Cuéntame ¿Cuándo llegó el tarot a tu vida?

Cuando era niña, mi mamá visitaba una farmacia homeopática en Providencia, en Santiago. En la vitrina del lugar exhibían distintos objetos y, un día, apareció un mazo de tarot. Yo no sabía qué era ni cómo se usaba, pero me llamó muchísimo la atención.

Desde muy pequeña fui muy emprendedora: hacía galletitas con manjar y coco que vendía en el barrio, así que siempre tenía mi propia cajita de dinero. Con esos ahorros, alrededor de los 12 años, hice dos de mis primeras “grandes inversiones”: compré ese tarot… y mi primer televisor.

Muchas veces se dice que el tarot te encuentra, y creo que en mi caso fue así, porque realmente no sabía bien lo que era cuando lo compré. El mazo traía el típico “librito blanco” con el significado de cada carta. Ese verano me llevé el tarot a la playa y, mientras tomaba sol, iba aprendiendo las cartas leyendo ese pequeño manual.

Mi abuela materna empezó a hacerme preguntas y me explicó que el tarot servía para responderlas.

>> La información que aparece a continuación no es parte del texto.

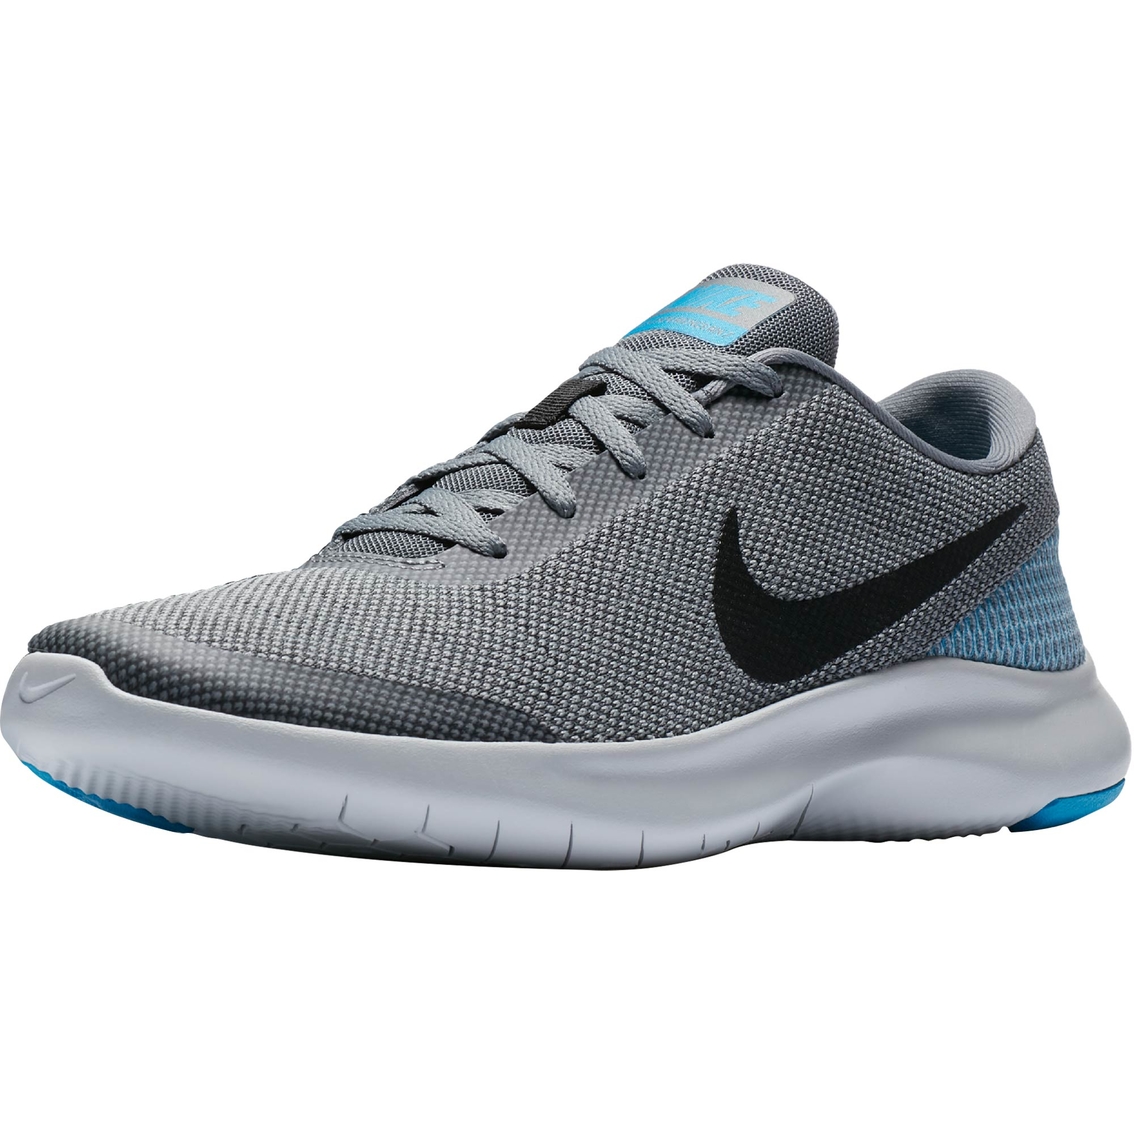 Nike Men's Flex Experience Rn 7 Running Shoes | Running | Shoes | Shop ...

Así partí: primero con la familia, luego con amigos de la familia, después con amigos de esos amigos… y sin darme cuenta el tarot comenzó a formar parte de mi vida. Con los años,  la gente empezó a asociarme naturalmente al tarot. Fue todo muy sincrónico.

Mi primer trabajo formal también llegó gracias al tarot. Una de mis primas trabajaba en Terra.cl, uno de los primeros portales de internet en Chile. Un día, medio en broma, le comenté que a ese portal le faltaba una sección de temas místicos o de crecimiento personal. Al día siguiente, ella me llamó para decirme que me querían entrevistar para presentar la idea.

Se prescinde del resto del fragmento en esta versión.